Усилившийся натиск отрицателей корневой памяти и национального достоинства среди пропагандистов «добродетельного» наднационального сознания нашел поддержку и логическое завершение в теоретической статье советского академика Г. Шахназарова — не где-нибудь, а в «Правде» (от 15 января 1988 года), под симптоматичным заголовком: «Мировое сообщество управляемо». Рекламируемый Г. Шахназаровым «баланс интересов различных государств» странным образом не включает отечественные интересы — все под благовидным предлогом избавления от какой-то «национальной самоуверенности» и «особенно нетерпимых... попыток с шовинистических позиций пересмотреть принципиальные классовые оценки тех или иных событий». Прячась за размытое «классовое» — мнимую величину в предполагаемом серьезном разговоре о «проблеме выживания человеческого рода», — теоретик надуманного единства, попросту говоря, огрел спекулятивным «орудием пролетариата» русское, стало быть, «шовинистическое».
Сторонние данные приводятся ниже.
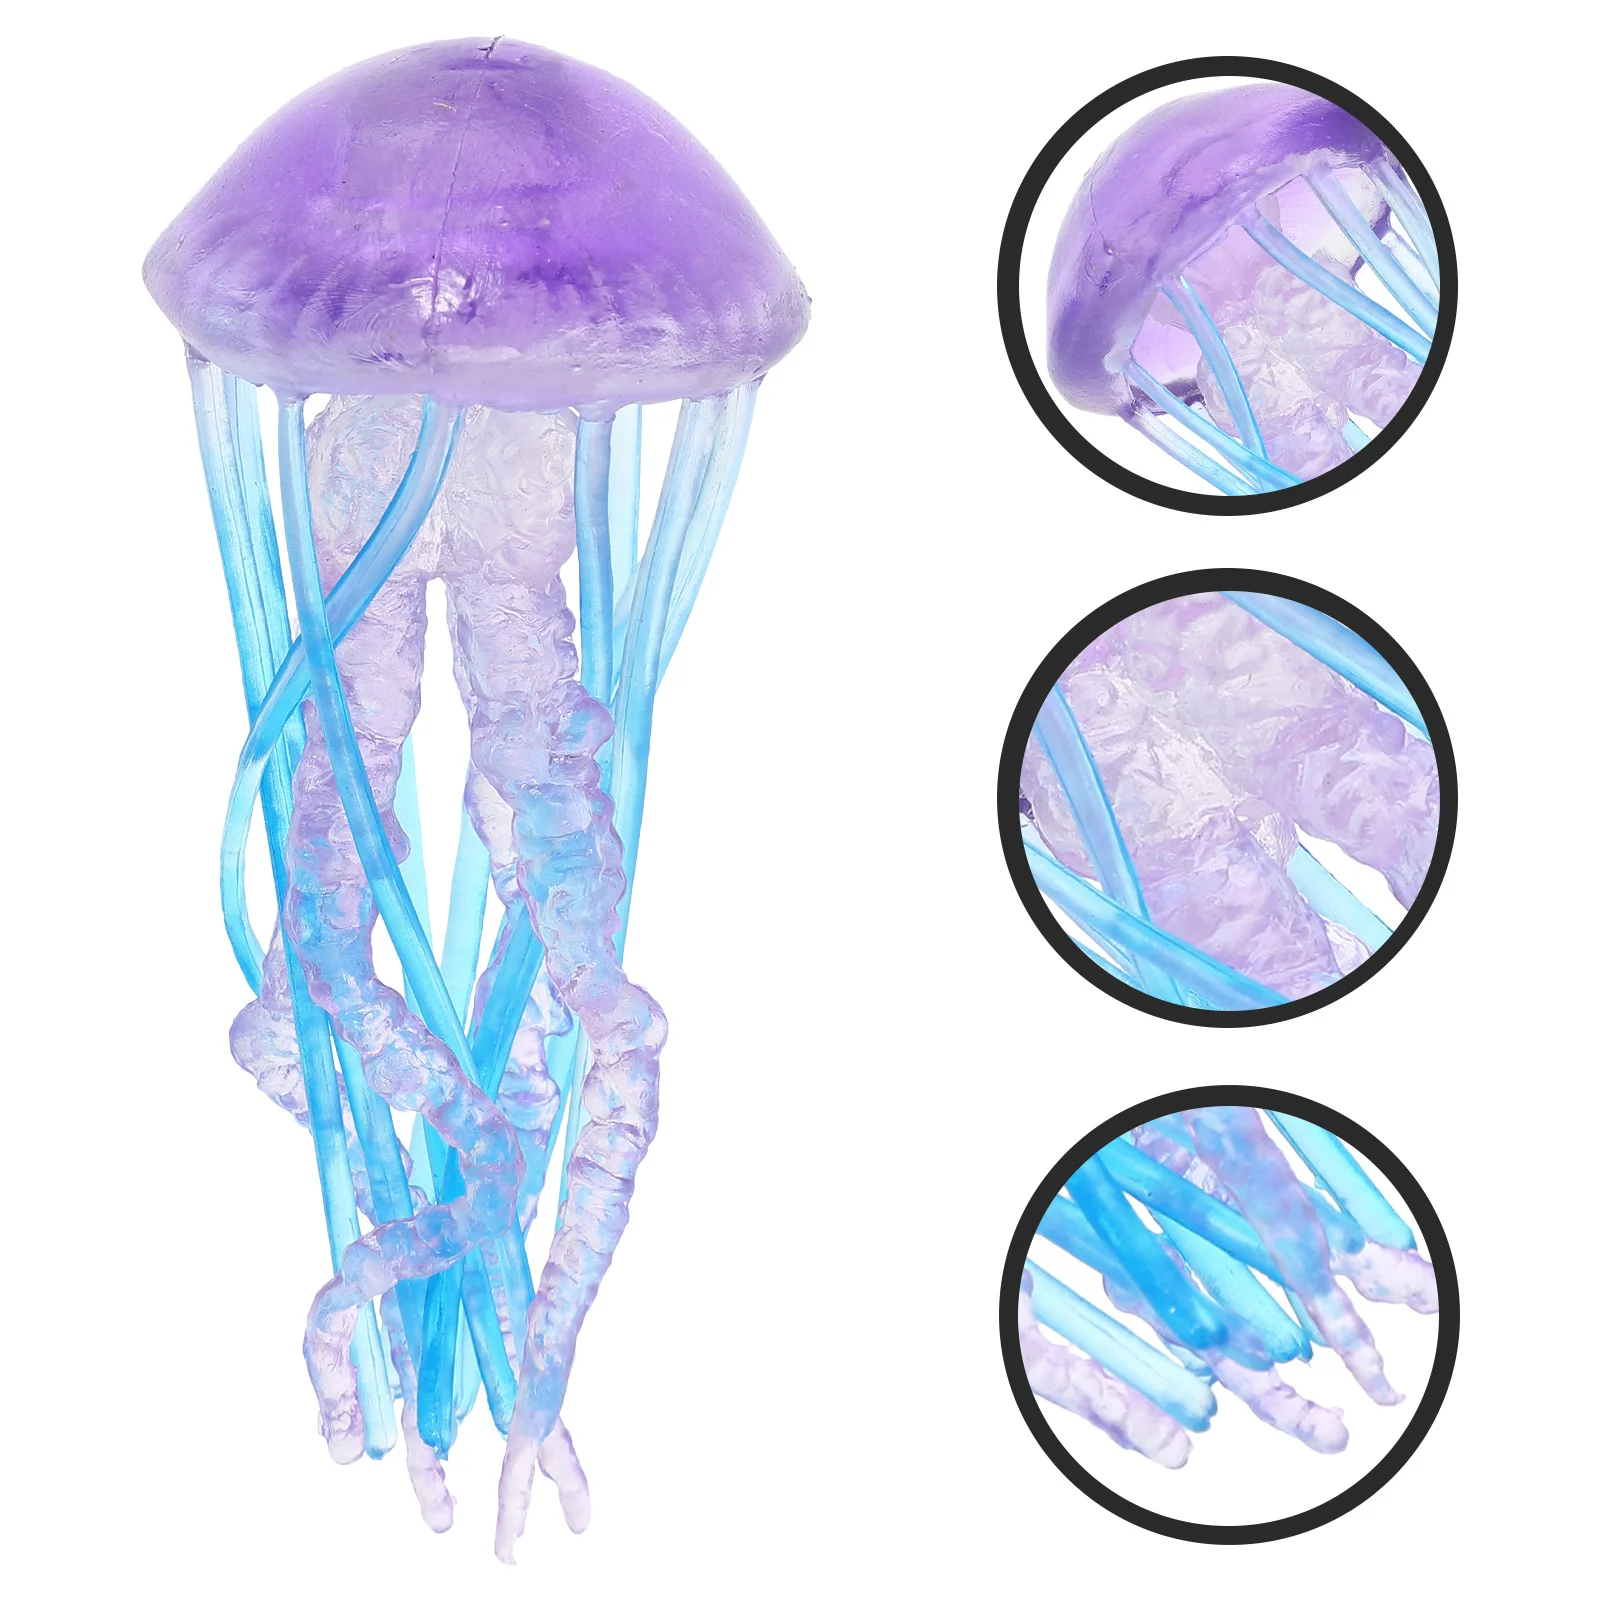 

Настольная декоративная Медуза, фигурки, модель, компактное морское существо, игрушка для океана, нежная пластиковая детская Coraline

В интервью югославскому журналу «Данае» в марте 1987 года академик Т.И. Заславская ясно выразилась, что «у нас была принята теория о двух классах и прослойке в социалистическом обществе, доставшаяся нам в наследство от Сталина. Отступления от этой примитивной схемы, выдвинутой им в тридцатые годы, строго наказывались, причем и в новое время: когда в семидесятых годах Рутинянов опубликовал книгу о социальной структуре сельского населения страны, его исключили из партии, последовали дальнейшие репрессии, приведшие к тому, что человек заболел». Схему эту Заславская называет «догматической и ни коим образом не объясняющей нынешних реалий жизни». Эту чужеродную догму — «классовое» — переосмыслил национально-прагматический дух перестройки. Устарела «трехчленная формула» социально-классовой структуры общества: Заславская насчитала в обществе одиннадцать определяющих групп, а не три. Да еще и не все включила она в новую схему: «Нельзя обойти молчанием и существование в нашем обществе групп организованной преступности, объединяющих коррумпированных работников аппарата управления, дельцов теневой экономики, ответственных работников торговли и бытового обслуживания, а также разложившуюся часть рабочих и служащих».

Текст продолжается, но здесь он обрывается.